Уж не было ли цитирование Уайльда, как и предположил Чоат, еще одной забавой с краденой игрушкой на глазах у папочки с мамочкой, у мира, у его читателей?

Не было ли это проявлением того страха, который он тогда ощущал? Страха, что он утратил чутье, да и с самого начала постоянно терял его, и, возможно, не сможет восстановить?

– Так, ладно, покажу я вам изнанку жизни! Что вы на это скажете, мистер Панки? Хотите посмотреть изнанку жизни?

– Говорю тебе, болван, он это и без тебя знает!

– Ну, хотите, а?

– Для начала мне надо позвонить кое-куда. Отменить приглашение на обед, – он сидел, не двигаясь с места, и они с Чоатом смотрели друг на друга как два моржа, созерцающих безбрежность океана.

– Так как? Соглашайтесь или помалкивайте, – Чоату не терпелось доказать свою правоту.

– Заткнись, Терри, вот просто возьми и заткнись. Нельзя, чтобы над таким чуваком глумился маккартистский, неофашистский демагог вроде тебя! – по части питья Эндовер был по сравнению с Чоатом дитем малым.

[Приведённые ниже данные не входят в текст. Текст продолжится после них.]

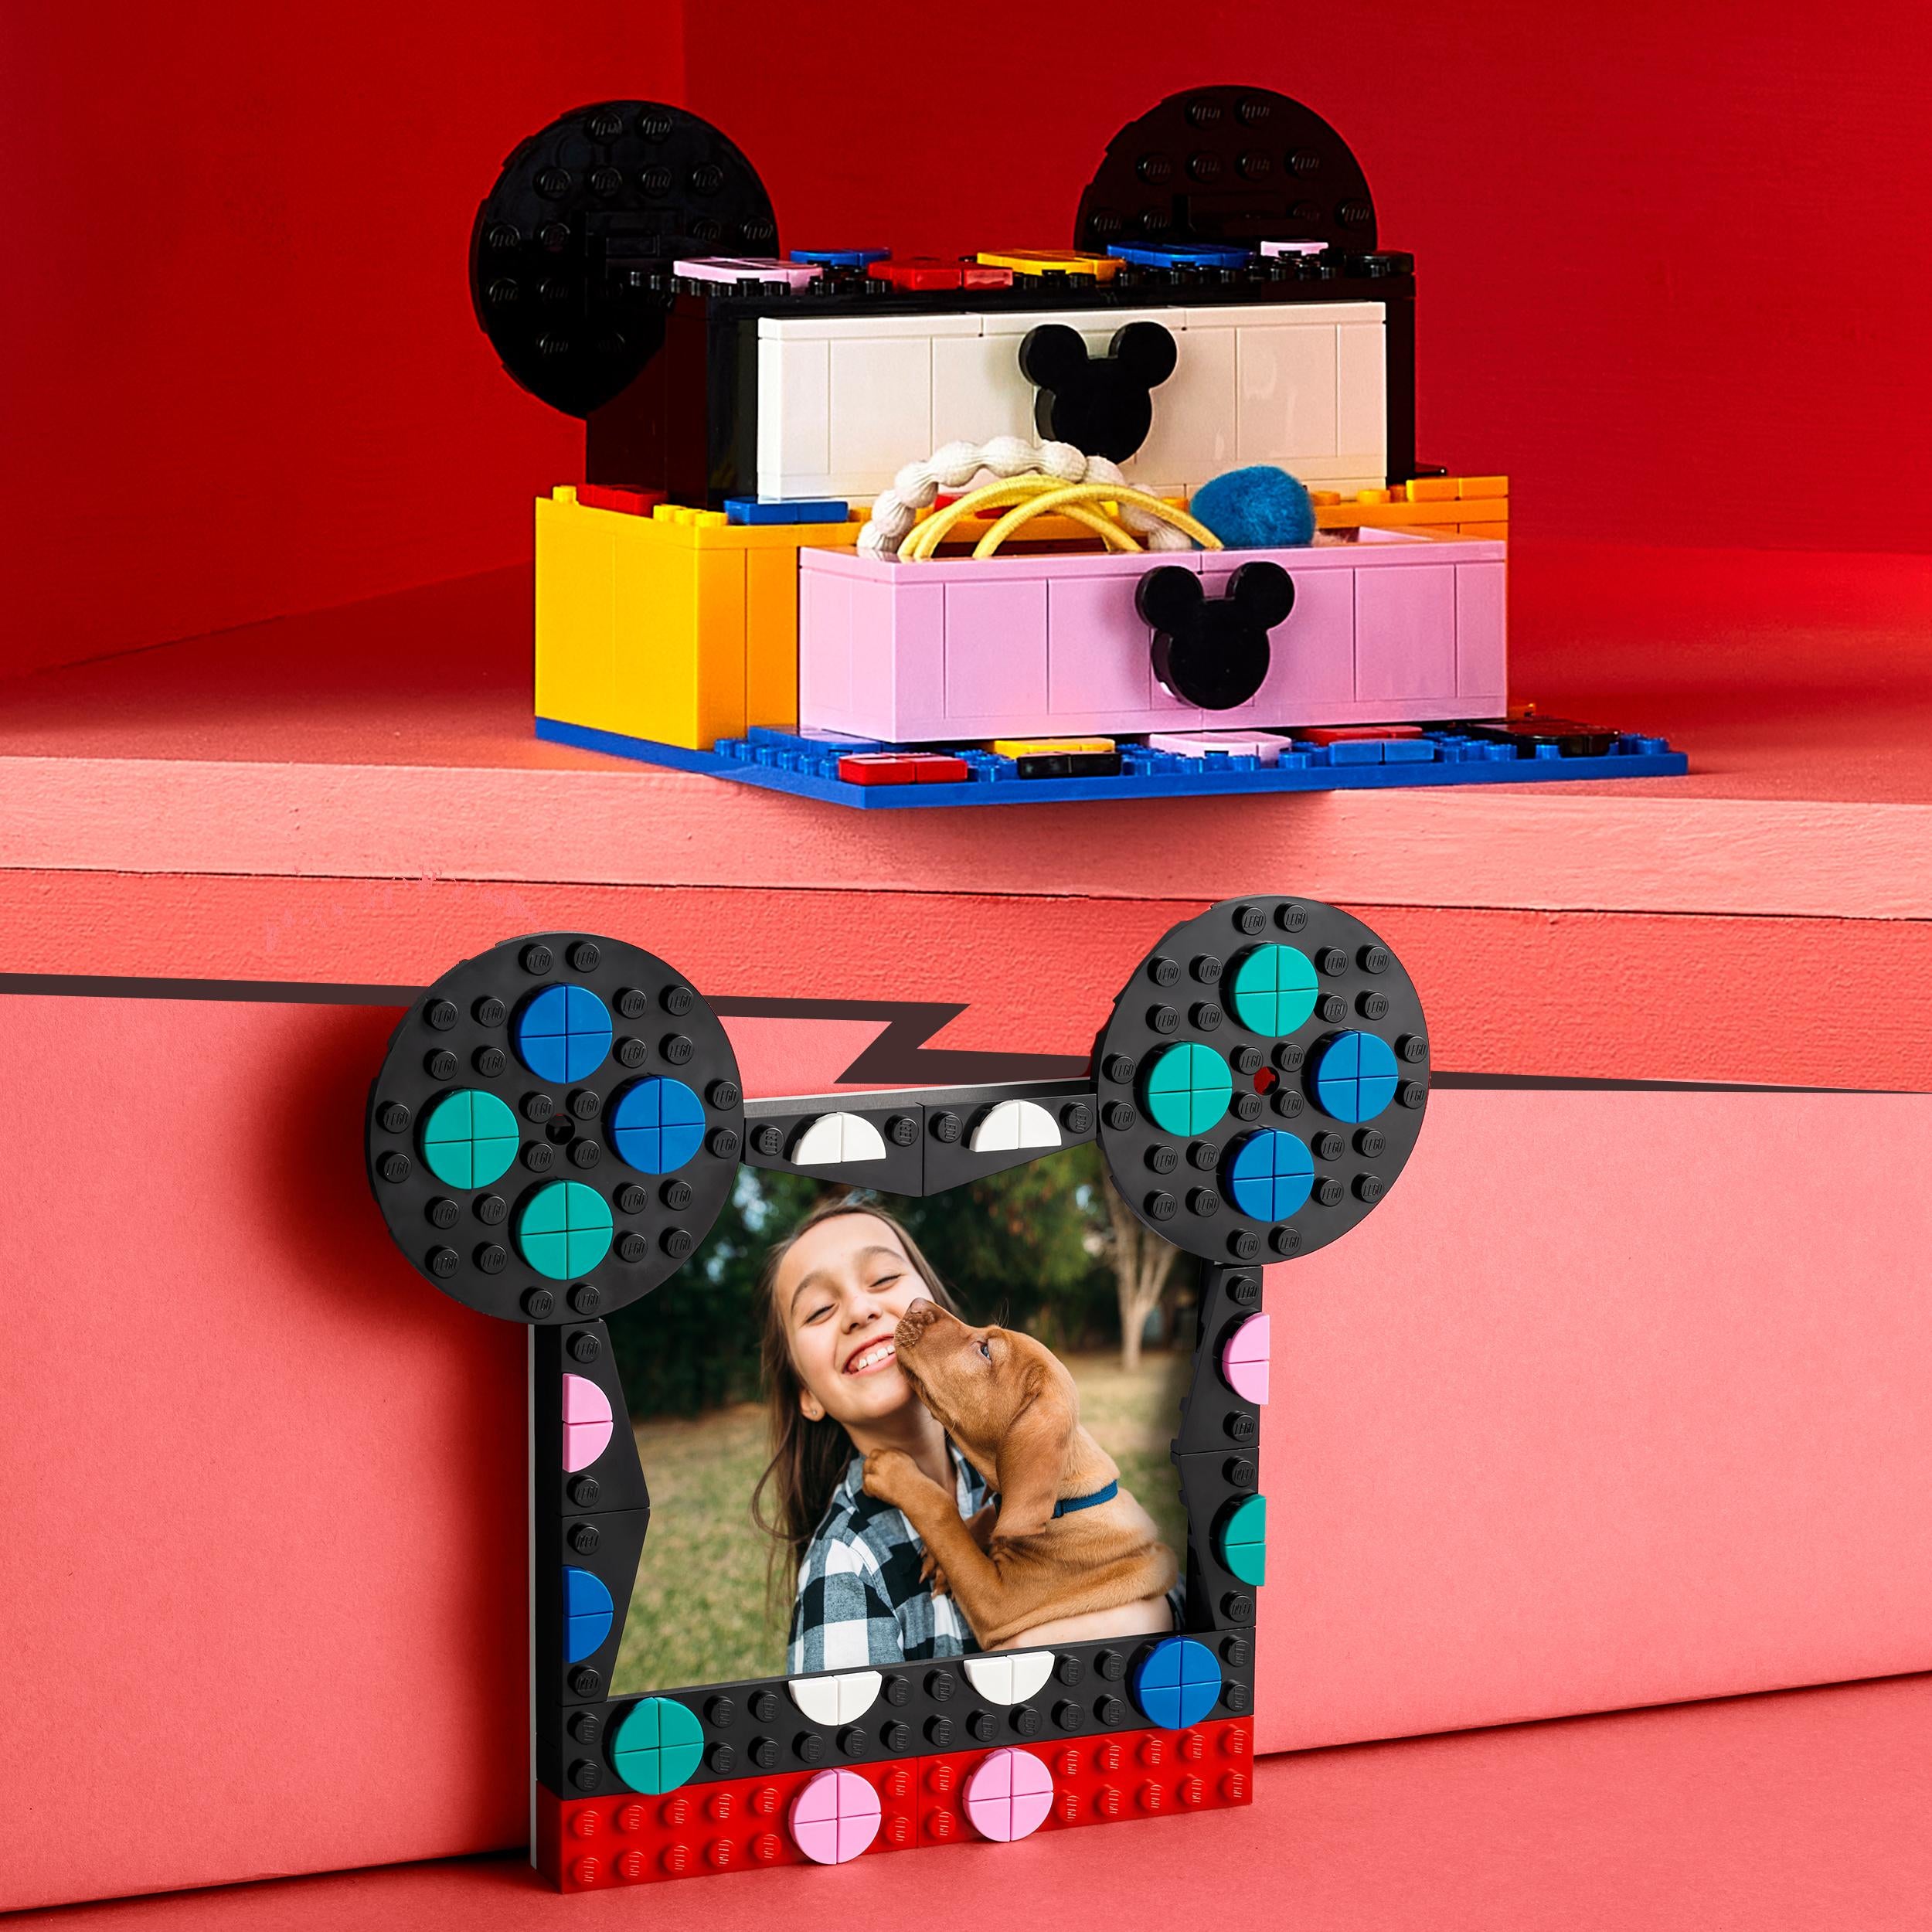 41964 LEGO® Dots - Il KIT Back to School di Topolino e Minnie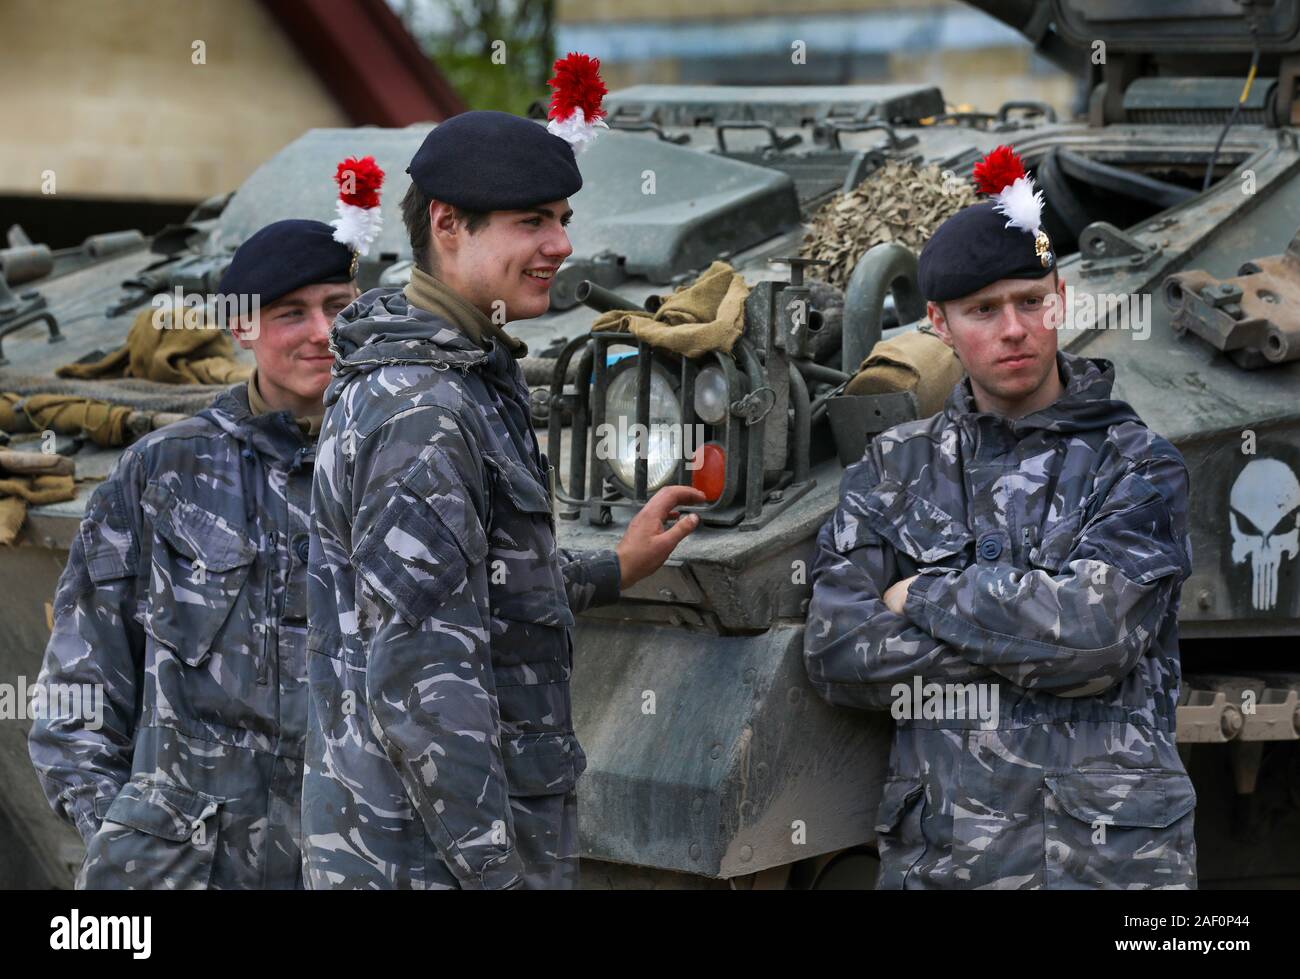 Régiment royal de fusiliers de l'équipage d'un véhicule blindé de combat guerrier Banque D'Images

Сорокин внутренне трепетал. Если кто и знал изнанку жизни, так это Энди Сорокин. В пятнадцать лет он сбежал из дому, в шестнадцать водил грузовик с динамитом в Северной Каролине, в семнадцать работал на нефтеперерабатывающем заводе в западном Техасе, в девятнадцать вступил в банду, а в двадцать напечатал свою первую книгу. Он стал свидетелем всех мало-мальски значимых явлений того времени – от сибаритского образа жизни мировой элиты до безбашенных экспериментов с ЛСД калифорнийских хиппи. Ему всегда хотелось верить, что он – часть всего этого, что он не отстает от времени, от реальности, от множества разноцветных реальностей, какими бы опасными, дикими или непристойными они ни были.

И вопрос, стоявший сейчас перед ним, выглядел так: не превратилась ли вся эта жизнь в простой поиск развлечений, в сплошную отмазку? Он выбрался из-за стола и пошел звонить Олафу Бёргеру.

Когда он прорвался через соединения и помехи, в трубке, наконец, послышался хриплый как у лесоруба голос Бёргера:

– Ну?

– Сколько раз я тебе говорил: по телефону так не отвечают. Тебе полагалось сказать: «маса Бёга’ в трубка, чем могу служить, бвана?»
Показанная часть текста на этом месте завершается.